The religious reformation of Manasseh attested the sincerity of his amendment. He flung out the Asherah from the Temple, put away the strange gods, destroyed the altars, burnt sacrifices to God, and used all his power to restore the worship of Jehovah. He did not, however, destroy the high places. For this story the Chronicler refers to "the words of Chozai,"[648] according to the present text, which some suppose to have meant "the story of the Seers." He also refers to a prayer of Manasseh, which cannot of course be the Greek forgery of the second or third century which goes by that name in the Apocrypha.[649] His repentance doubtless secured his own salvation. "Whoso saith 'Manasseh hath no part in the world to come,'" said Rabbi Johanan, "discourageth the penitent";—but the partial reformation was too late to save his land.
Is this a literal history, or an edifying Haggadah? The non-historical character of the story is maintained by De Wette, Graf, Nöldeke, and many others. Both views have been taken. This we can, at any rate, assert—that there seems to be nothing in the story which is inconsistent with probability. The Chronicler may have derived it from genuine documents or traditions, though it is difficult to account for the silence of the elder and more trustworthy historian. Nor is it only his silence for which we have to account; it is the continuance of his positive statements. It would be, in any case, a strange conception of history which, after narrating a man's crimes, omitted alike the retribution which befell him on account of them, the heartfelt penitence for the sake of which they were forgiven, and the seriously earnest endeavour to undo at least something of the evil which he had done. Not only does the historian make these omissions, but in no subsequent allusion to Manasseh does he so much as indicate that he is aware of his amendment.[650] He says that Amon "did evil in the sight of the Lord, as his father Manasseh did."[651] He speaks of the altars to the hosts of heaven which Manasseh had made in the two courts of the Temple as still standing in the reign of Josiah, though the Chronicler tells us that Manasseh had cast them all out of the city.[652] He says that, notwithstanding all that Josiah did, "the Lord turned not from the fierceness of His great wrath, because of all the provocations that Manasseh had provoked Him withal,"[653] and that on this account God cast off Jerusalem. Never, even by the most distant allusions, does he refer to Manasseh's captivity, his prayer, his penitence, or his counter-efforts. Had he been aware of these, his silence would have been neither generous nor just. Nay, he even leaves apparent facts at conflict with the Chronicler's story, for he makes Josiah do all that the Chronicler tells us that Manasseh himself had done in the removal of his worst abominations.

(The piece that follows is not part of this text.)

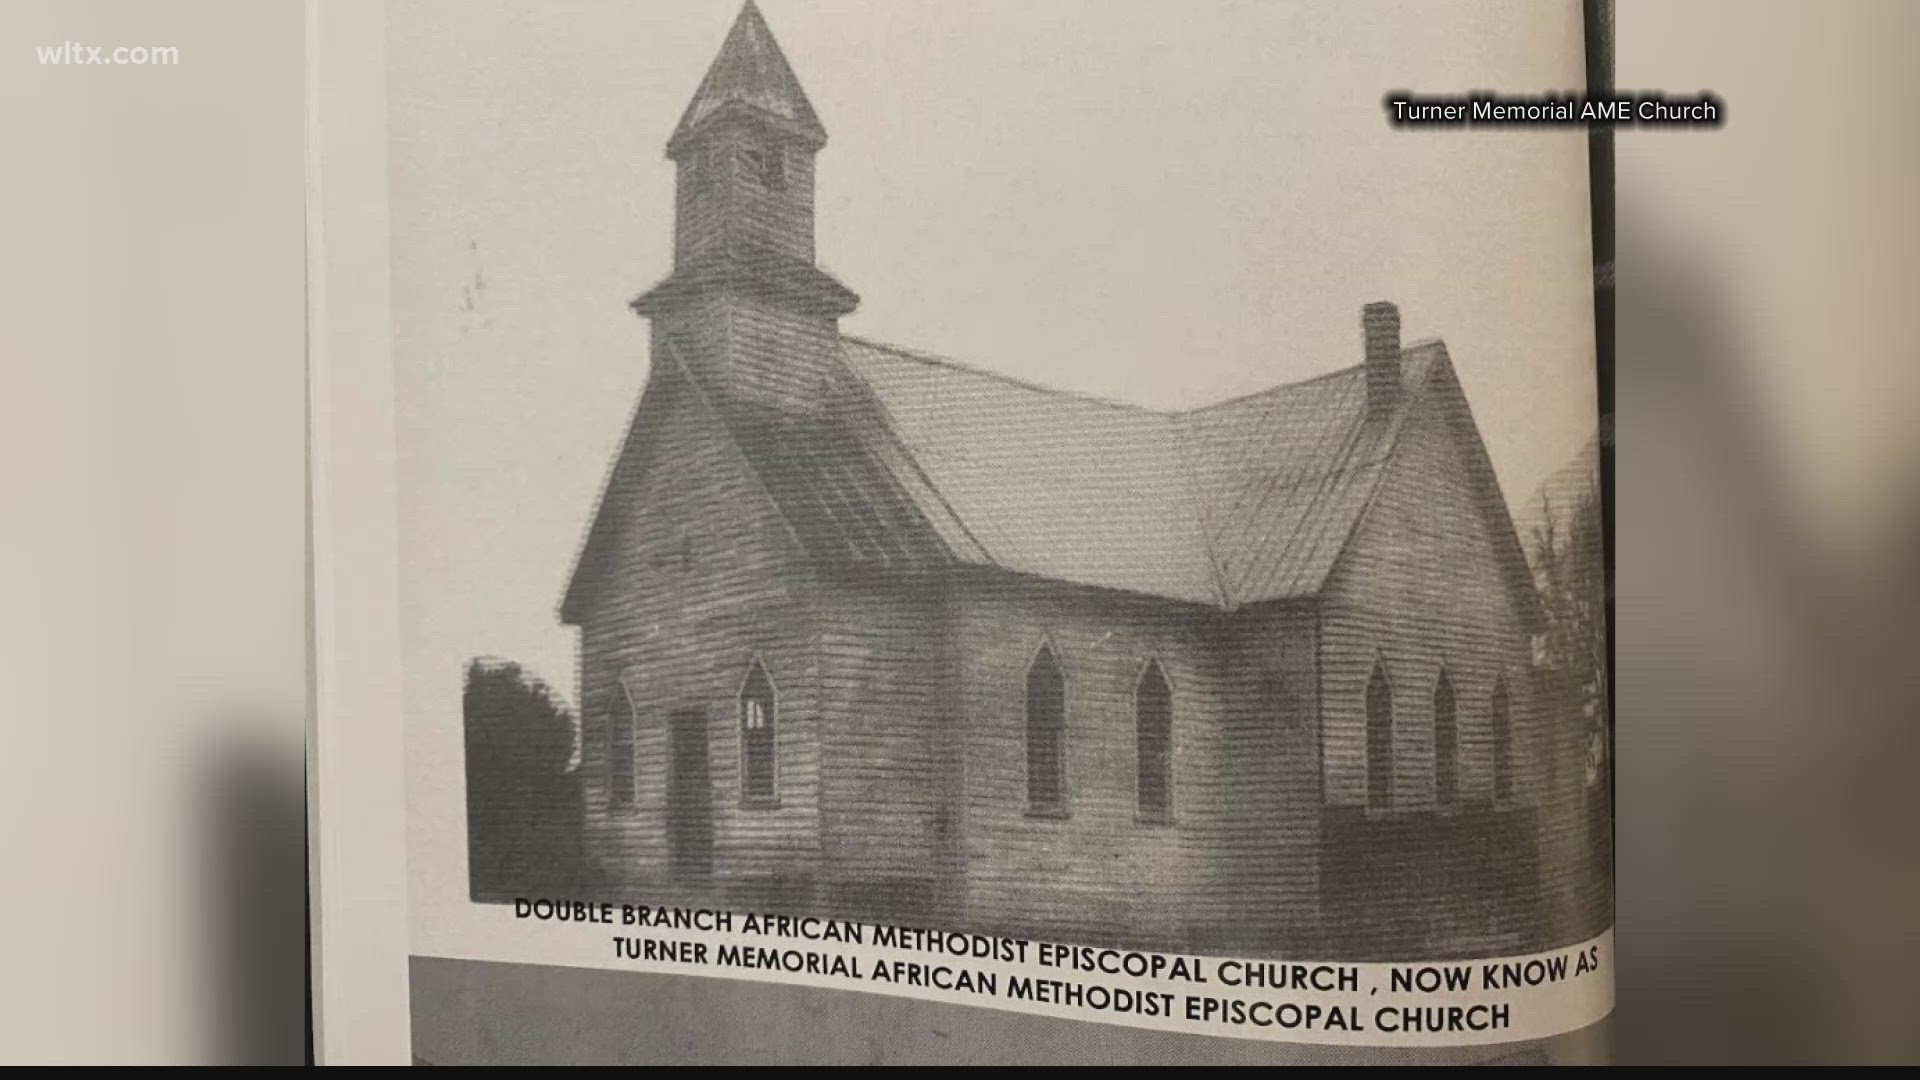 From an underground slave church to a staple in the West Columbia community, Turner Memorial AME Church has grown through the best and worst parts of history.

Even now we have not exhausted the historic difficulties which surround the repentance of Manasseh. During his reign Jeremiah received his call, and while still a young boy began his work. Neither he, nor Zephaniah, nor Habakkuk drop the slightest hint that the wicked, idolatrous king had ever turned over a new leaf. Jeremiah's silence is specially difficult to account for. He, too, records Jehovah's final and irrevocable decree, that He would give up Judah to death, to exile, and to famine, to the sword to slay, to the dogs to tear, to the fowls of the heaven and the beasts of the earth to devour and to destroy.[654] And the cause of the pitiless doom pronounced by a Judge weary of repenting is "because of Manasseh, the son of Hezekiah, King of Judah, for that which he did in Jerusalem."[655]
The judgment was not long delayed.
It was the vast movement of the Scythians in Media and Western Asia, and the rumours of it, which gave to Manasseh and Amon such respite as they had; and even this respite was full of misery and fear.[656]